** Work instructions **
Find the line below with "До 2027 года". Print it and every line after it exactly, through the last line, leaving out the pictures.

** Dataset extract **
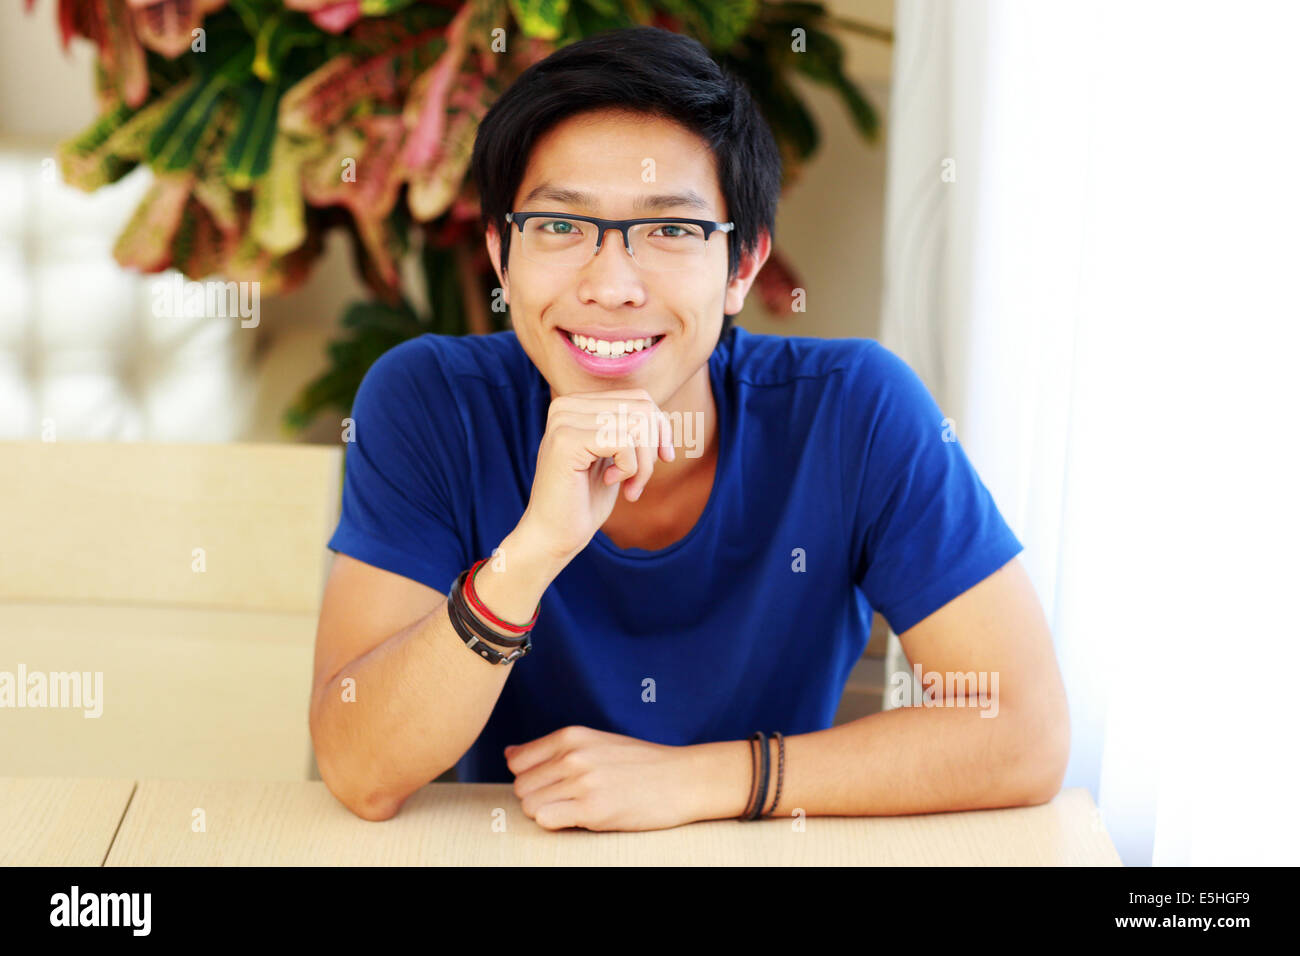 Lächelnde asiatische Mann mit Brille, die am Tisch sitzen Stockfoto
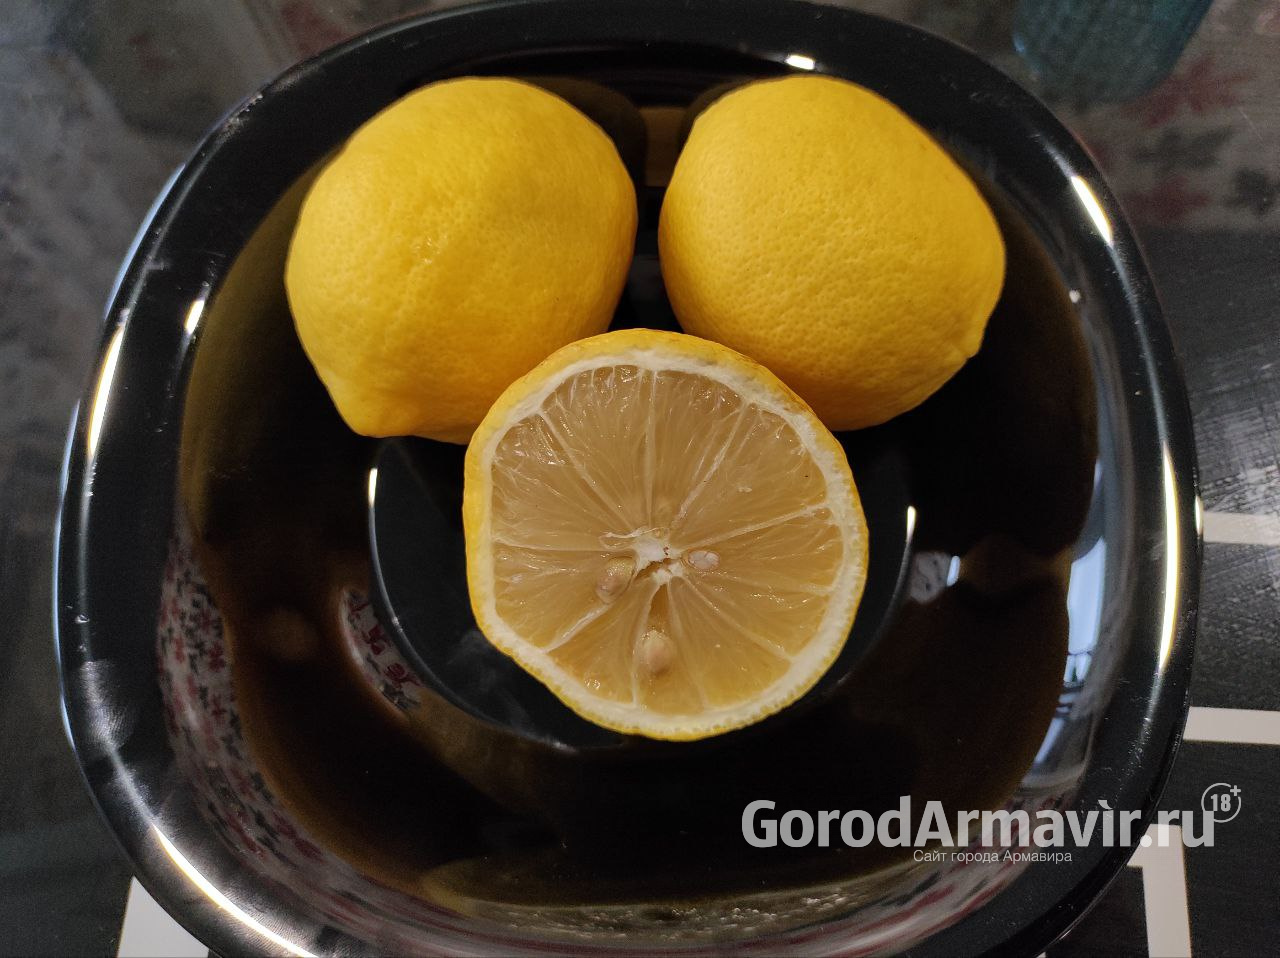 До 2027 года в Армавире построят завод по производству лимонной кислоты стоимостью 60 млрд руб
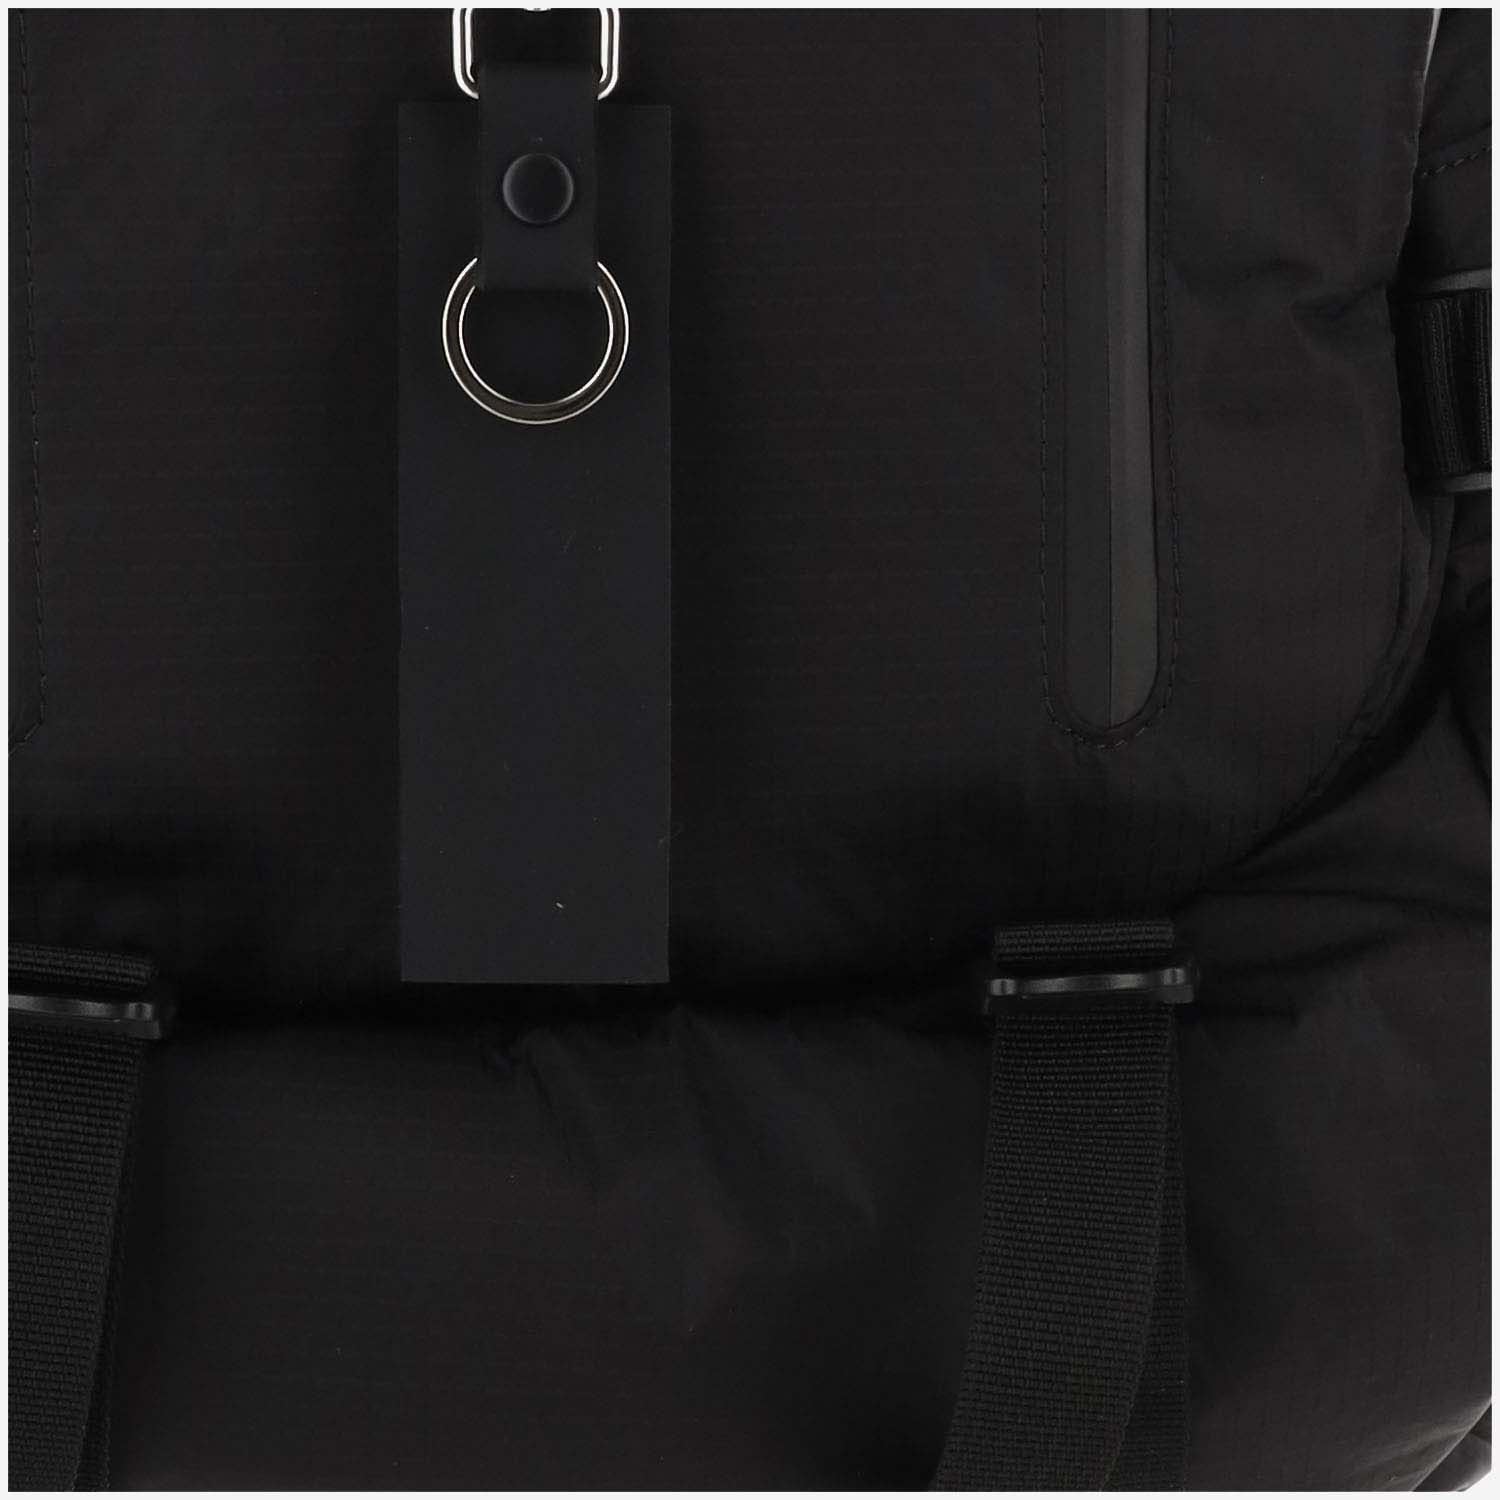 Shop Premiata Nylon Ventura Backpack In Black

** Answer to this task **
 До 2027 года в Армавире построят завод по производству лимонной кислоты стоимостью 60 млрд руб
 Shop Premiata Nylon Ventura Backpack In Black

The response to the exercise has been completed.